Kennedy is a lawyer for the Natural Resources Defense Council and they've compiled research to backup Kennedy's claims. Kennedy makes a pretty serious charge that could be a major campaign issue -- especially in key swing states:
George W. Bush will go down in history as America's worst environmental president. In a ferocious three-year attack, the Bush administration has initiated more than 200 major rollbacks of America's environmental laws, weakening the protection of our country's air, water, public lands and wildlife.The lengthy article is full of specific allegations, which I won't repeat here, but I will include just one devastating example of what's gone on these past few years:
Early in the Bush administration, Vice President Cheney had solicited an industry wish list from the United States Energy Association, the lobbying arm for trade associations including the American Petroleum Institute, the National Mining Association, the Nuclear Energy Institute and the Edison Institute. The USEA responded by providing 105 specific recommendations from its members for plundering our natural resources and polluting America's air and water. In a speech to the group in June 2002, Energy Secretary Abraham reported that the administration had already implemented three-quarters of the industry's recommendations and predicted the rest would pass through Congress shortly.As I've said before, Kerry has a great environmental record -- though I think he should talk about other issues besides ANWR.
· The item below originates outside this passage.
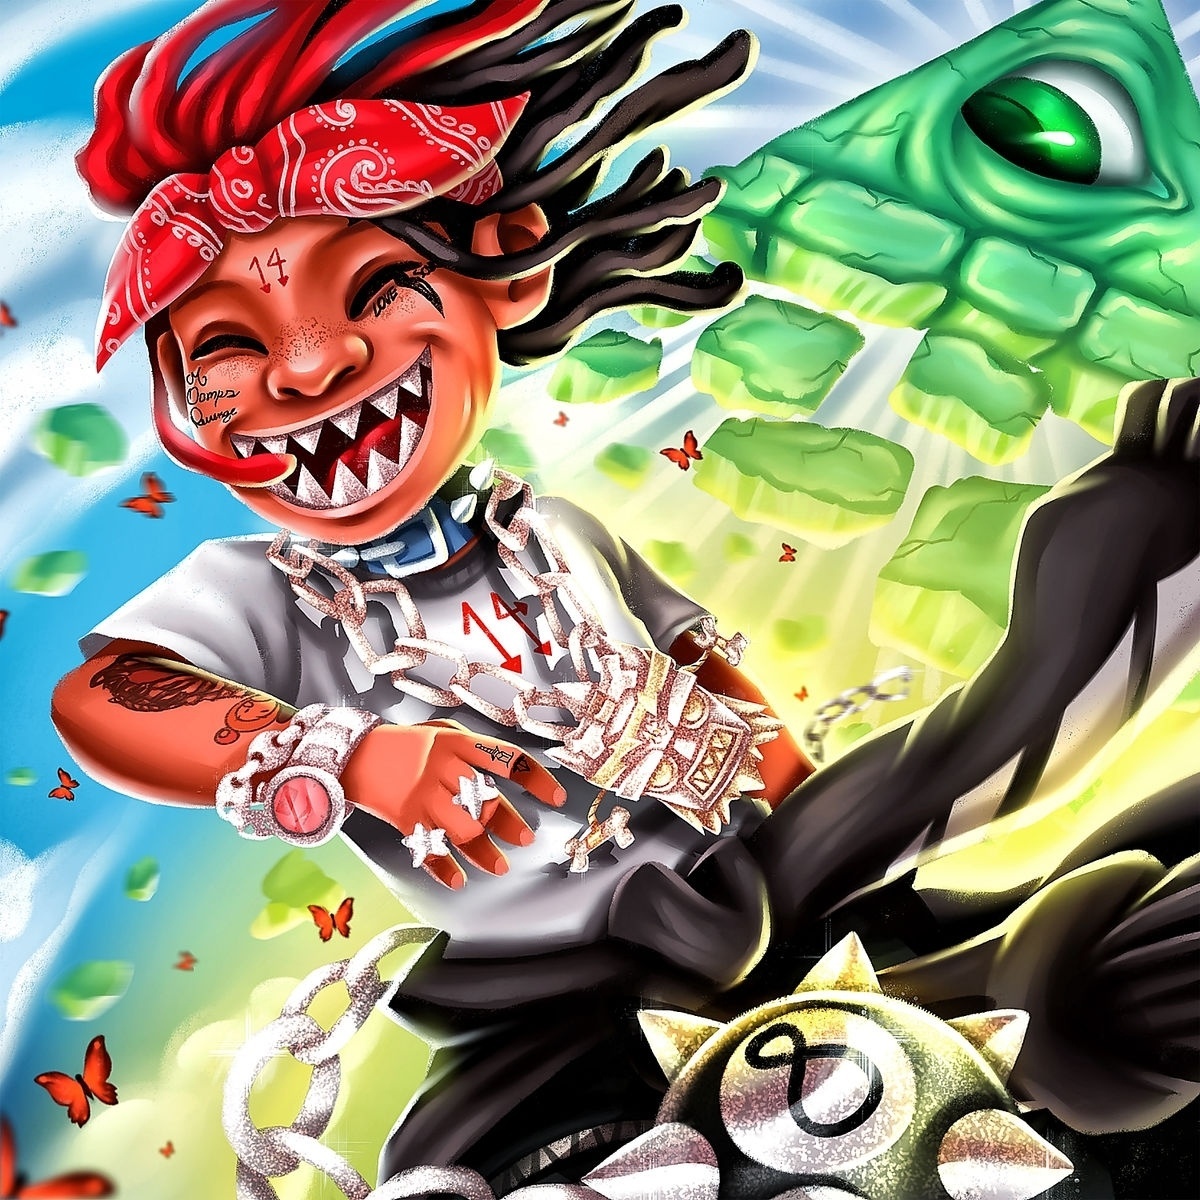 A Love Letter To You 3 - Trippie Redd. (CD)

On August 27th, 2002 -- while most of America was heading off for a Labor Day weekend -- the administration announced that it would redefine carbon dioxide, the primary cause of global warming, so that it would no longer be considered a pollutant and would therefore not be subject to regulation under the Clean Air Act. The next day, the White House repealed the act's "new source review" provision, which requires companies to modernize pollution control when they modify their plants.
According to the National Academy of Sciences, the White House rollback will cause 30,000 Americans to die prematurely each year. Although the regulation will probably be reversed in the courts, the damage will have been done, and power utilities such as Southern Co. will escape criminal prosecution. As soon as the new regulations were announced, John Pemberton, chief of staff to the EPA's assistant administrator for air, left the agency to work for Southern. The EPA's congressional office chief also left, to join Southern's lobbying shop, Bracewell, Patterson.
Whatever Democrat wins the nomination, in fact, is bound to have a far superior record to Bush on the environment. Emphasizing this issue is also a great way to discourage a significant Green Party candidacy.